Setembro começou com turbulência nos mercados financeiros mundiais. Wall Street arrancou em queda, com o S&P 500 a recuar 0,71% para 7.631,47 pontos, o Dow Jones a perder 0,79% para 52.766,88 pontos e o Nasdaq Composite a cair 1,03% para 26.099,77 pontos. Simultaneamente, as yields das dívidas soberanas dispararam para níveis históricos, com a yield norte-americana a 10 anos a atingir 4,798%, o valor mais alto desde janeiro de 2025, e a yield alemã a 10 anos a chegar aos 3,35%, máximo desde 2011.
O petróleo voltou a ser o termómetro da geopolítica, com o crude WTI a subir 5,2% para 90,22 dólares e o Brent a avançar 4,59% para 94,65 dólares, após os Estados Unidos terem lançado uma nova vaga de ataques contra alvos no Irão. O Irão respondeu militarmente, visando bases e interesses norte-americanos no Médio Oriente, fazendo disparar ainda mais os preços do crude. O contexto geopolítico no Médio Oriente não dá tréguas, enquanto os juros da dívida soberana a nível global estão no valor mais alto desde 2008.
A subida das yields pressiona tanto Wall Street como as bolsas europeias, num cenário descrito como bear market de obrigações. O mercado já precifica 68,2% de probabilidade de uma subida de 25 pontos base pela Fed em setembro, acima dos 39,6% de uma semana atrás, depois do discurso hawkish de Kevin Warsh em Jackson Hole. Na Europa, os dados de inflação da zona euro acima dos 3% em agosto cementaram as apostas numa subida de juros pelo BCE também em setembro. Ainda assim, dados que mostram uma desaceleração da atividade industrial nos EUA e vagas de emprego inferiores ao esperado em julho trouxeram algum alívio aos investidores.
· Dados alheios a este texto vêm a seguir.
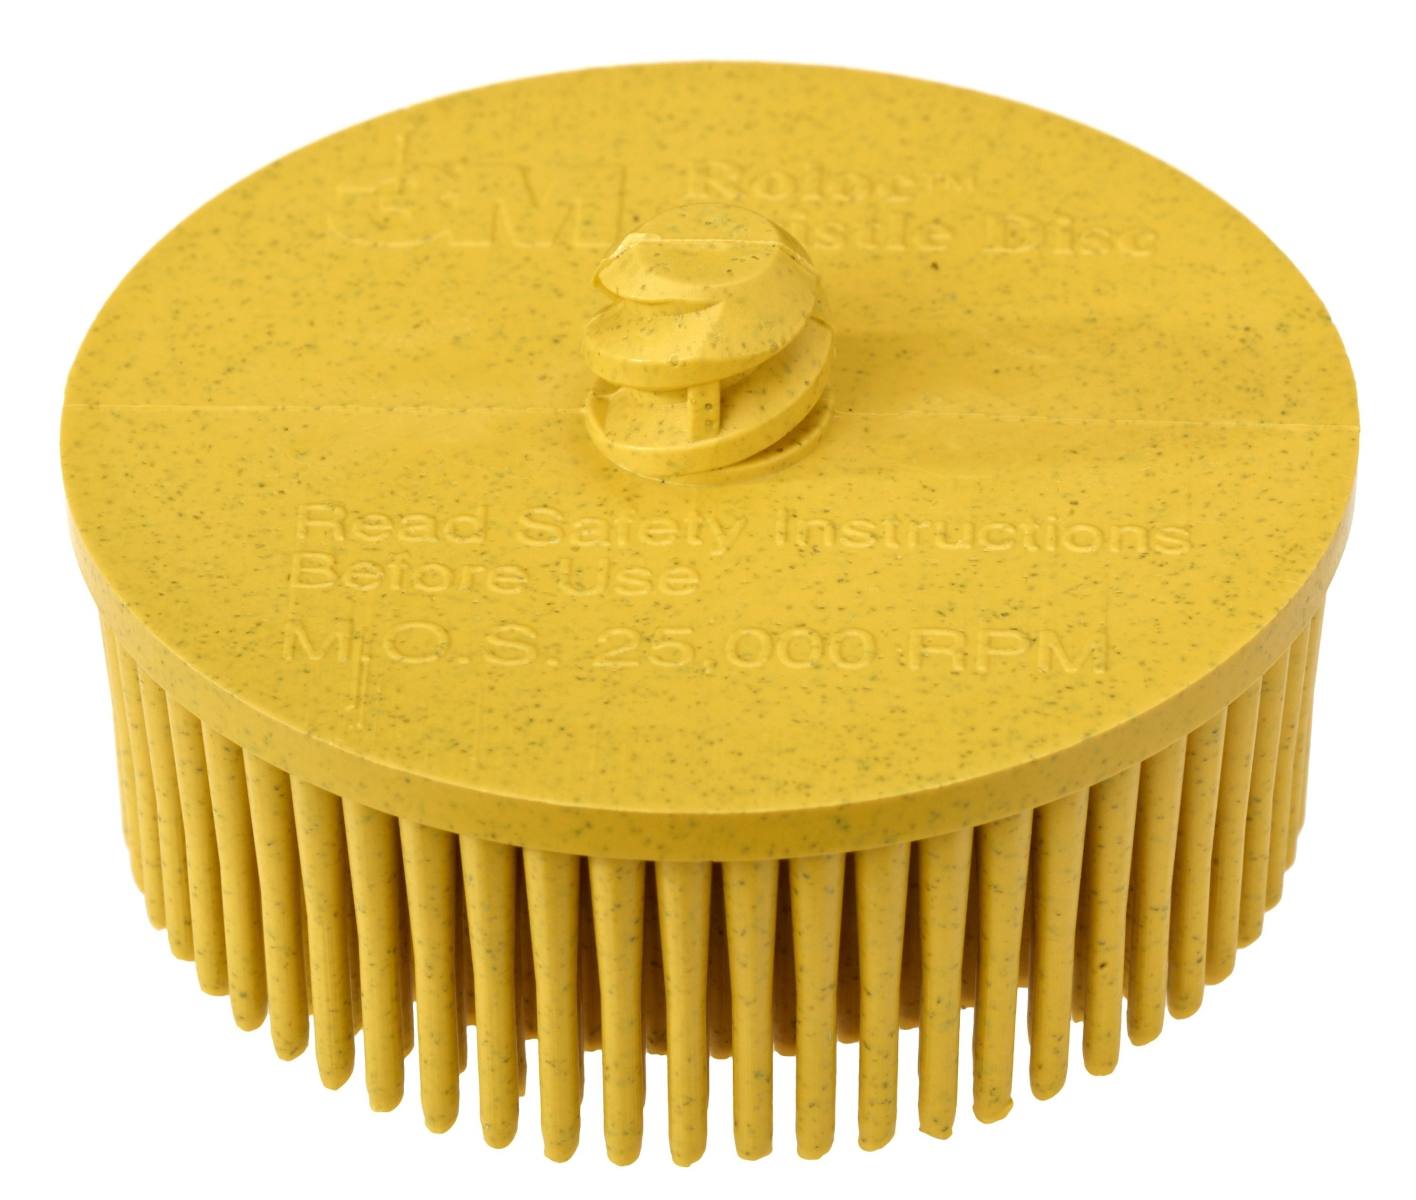 3M Scotch-Brite Roloc Bristle Disc RD-ZB, yellow, 76.2 mm, P80 #07527

Na geopolítica europeia, o conflito entre a Ucrânia e a Rússia intensificou-se, com Putin a anunciar que a Rússia anexou 270 quilómetros quadrados de terra e 15 povoações em Donetsk, além de 9 povoações em Zaporizhzhia em agosto. Zelensky ameaçou atacar companhias aéreas que sobrevoem a Rússia com drones, o que Putin apelidou de "terrorismo de Estado". A Alemanha anunciou o encerramento do consulado russo em Bona e do centro cultural russo em Berlim, após responsabilizar Moscovo por incidentes com drones no aeroporto de Leipzig, tendo a Rússia prometido uma "resposta adequada".